The Baltika Stadium in Kaliningrad. Image: Sergey Poteryaev

The emigre community extends to the team, too. Two Kaliningraders are currently playing for Luch-Energiya Vladivostok. One of them, Kirill Maruschak, used to play for Baltika, for whom he scored a fantastic goal in Vladivostok during a match played under torrential rain. Despite the pitch having been turned into a swamp, Maruschak catapulted the ball 35 metres into the top corner. The goalie didn’t stand a chance.

“Playing with jet lag feels like playing a game on the moon”

Players from outside the Far East have to endure chronic jet-lag when playing there on away matches. The region is eight hours ahead of European Russia. Only the local players feel 100 per cent; those from European or Central Russia are always out of kilter. “When you’ve come to Vladivostok to play an important match, adjusting is particularly hard.” Maruschak says. “Getting back to top condition in 24 hours is impossible, and playing with jet lag feels like playing a game on the moon.” Baltika’s last encounter with Luch-Energiya in Vladivostok, in April 2018, ended 0-0 — a common result in these games.

Efim Egorov, a 27-year-old soldier, was there. “I was born in the Kaliningrad region, and came to Vladivostok on military service six years ago,” he says. “I didn’t really support Baltika in my childhood; I only started actively following the team after moving away from our city. Now I try to come to every match that Kaliningrad plays in Vladivostok. Only in the last year have Baltika started coming out with a better game…” When asked why he didn’t choose to support Luch, Efim laughs: “I’ve never felt any desire to support them. Baltika don’t often get balls in the back of the net when they come to play here, the matches are usually pretty boring, but when it does happen, it’s pretty hard not to get worked up about it.”

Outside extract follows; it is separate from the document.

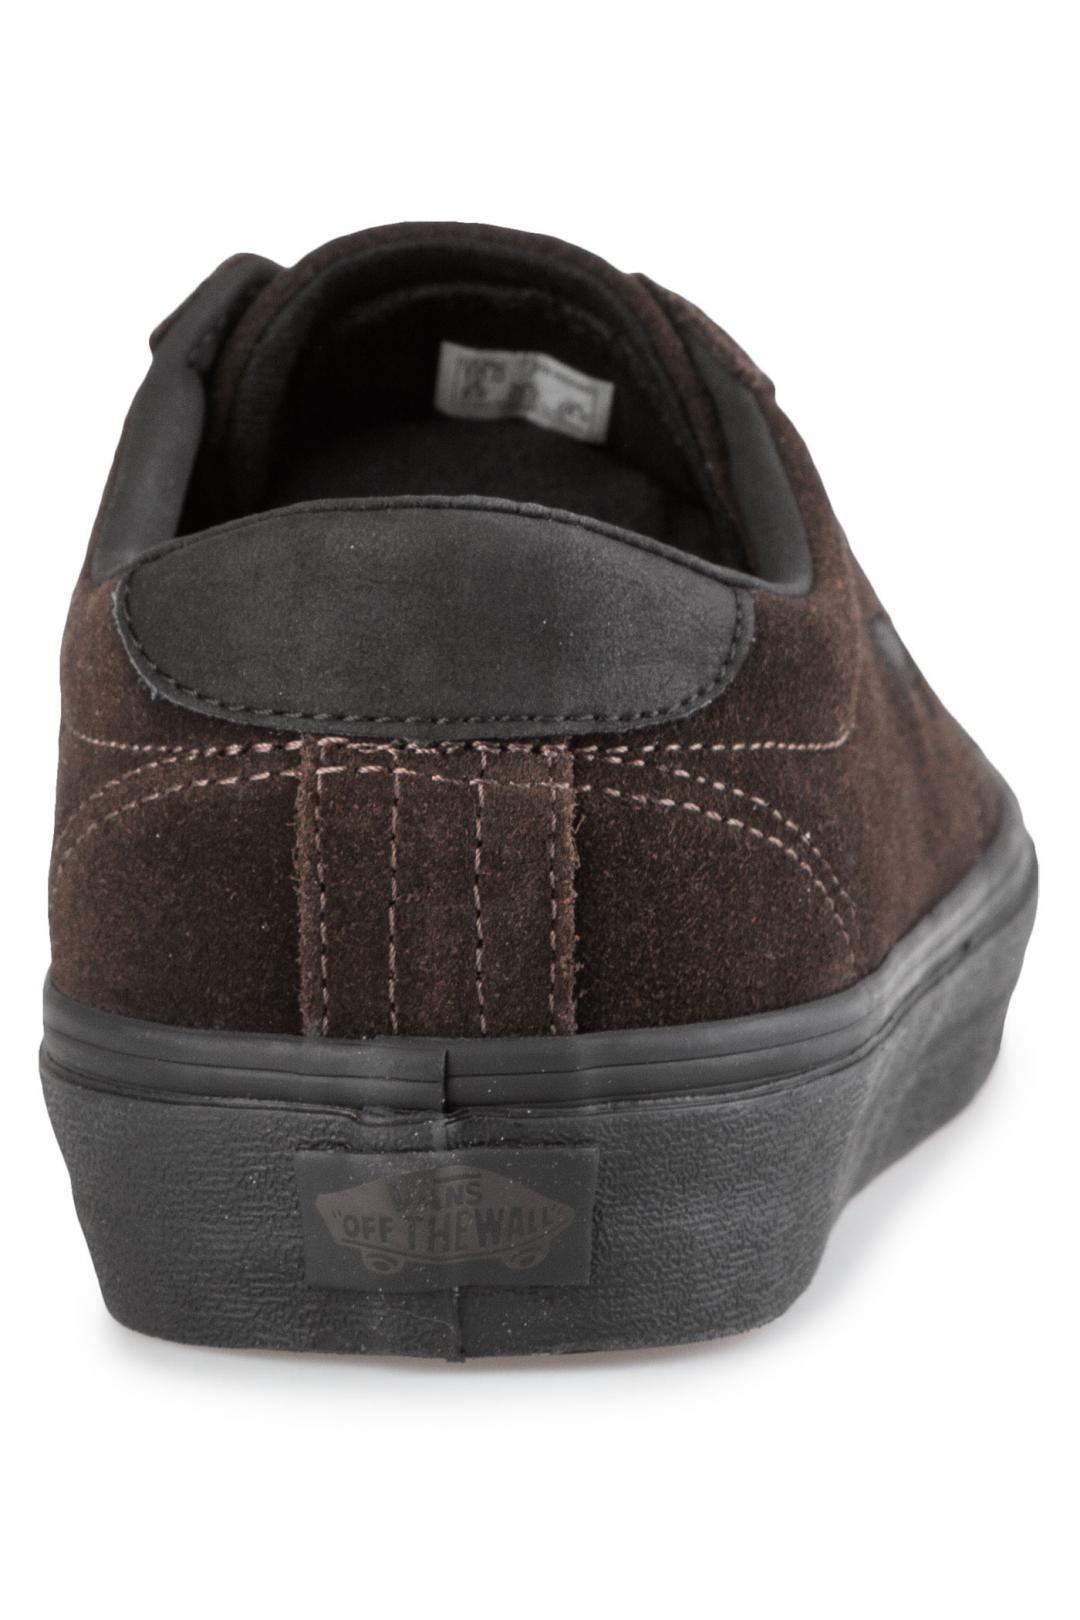 Uomo Vans Court Icon demitasse black | Scarpe da skate
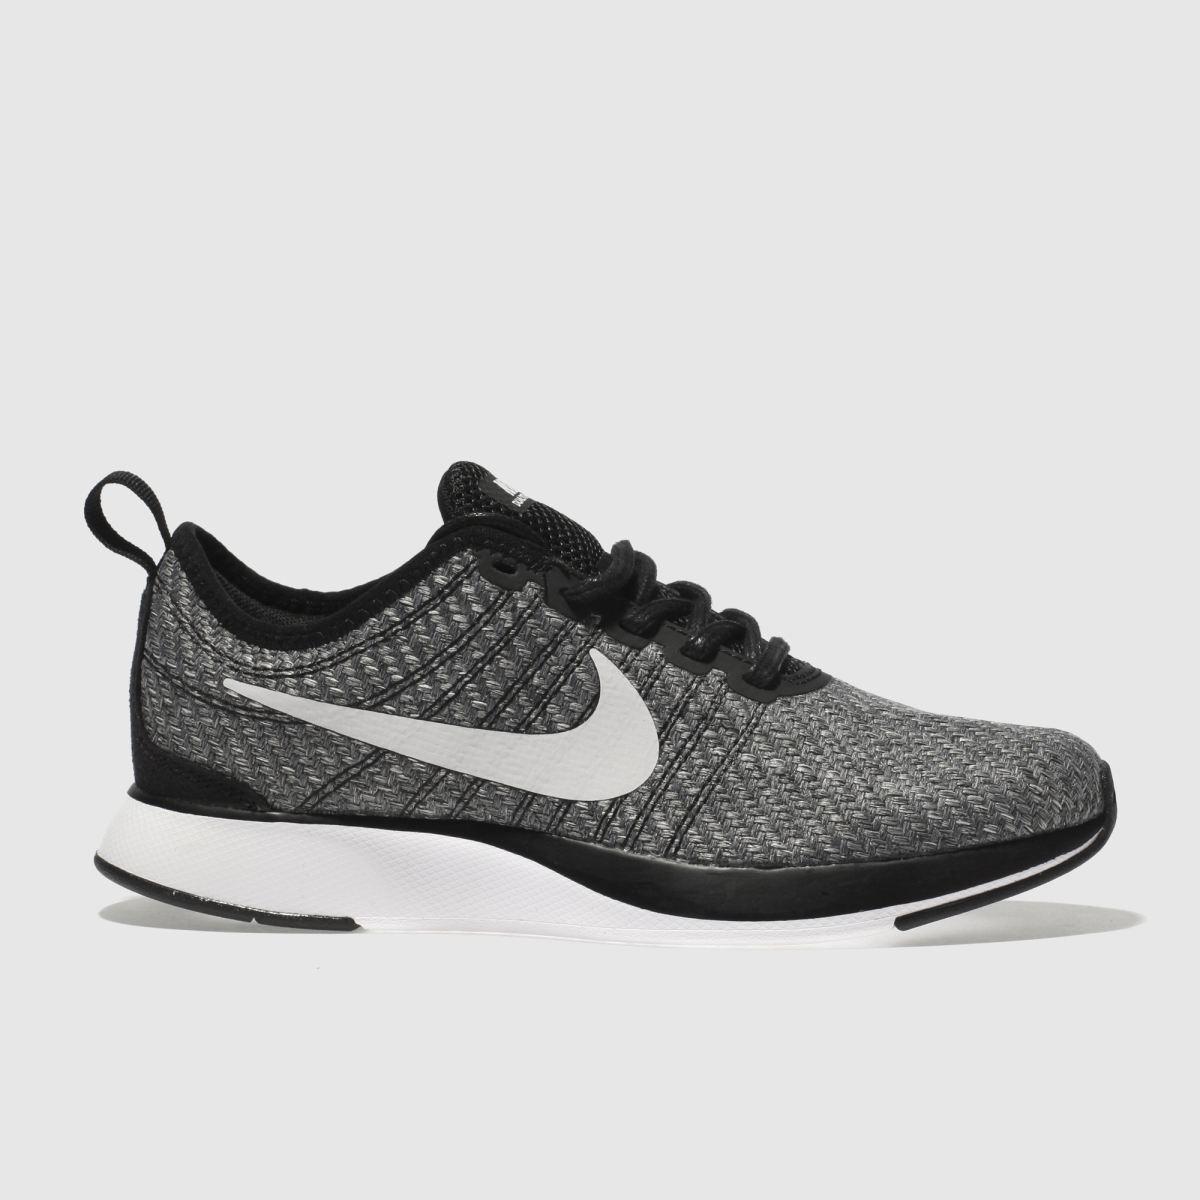 Nike Grey & Black Dualtone Racer Se Boys Youth Trainers

Baltika take on SKA-Khabarovsk in 2015. Image: ФК «Балтика» Калининградская/VK

Dmitry Torbinsky, a Baltika midfielder who has played for the national team, spoke about the difficulties faced by the team in an interview with the online journal Sport24. “That was the toughest away match of my life. They scheduled the match at 7 am Kaliningrad time after we’d flown through the night to get there. What were they thinking? I just can’t understand what was going through their heads. We ended up driving out to the stadium at what for us was 4:30 am. I couldn’t get my head around it.”

“The game itself was really tough: the first half wasn’t so bad, but in the second we were exhausted. My legs just wouldn’t listen to my brain. The weather was awful, the pitch was awful. And then our flight was delayed by 24 hours. We went back to the hotel, but in the end I flew out earlier than the others, because I paid for my own ticket. There were so many people wanting to get out of Vladivostok who couldn’t. Everyone else in the team had to wait there for two days. We played in Nizhny Novgorod immediately afterwards, no time for training, from one game to the next. To be honest I was shocked. Starting the game at 7 am?! It’s crazy!”

This year Baltika has a real shot at promotion to the Premier League. If they do get in, next season will be their first among the nation’s elite in 20 years. It will also spell an end to the world’s most extreme away match — for better or worse.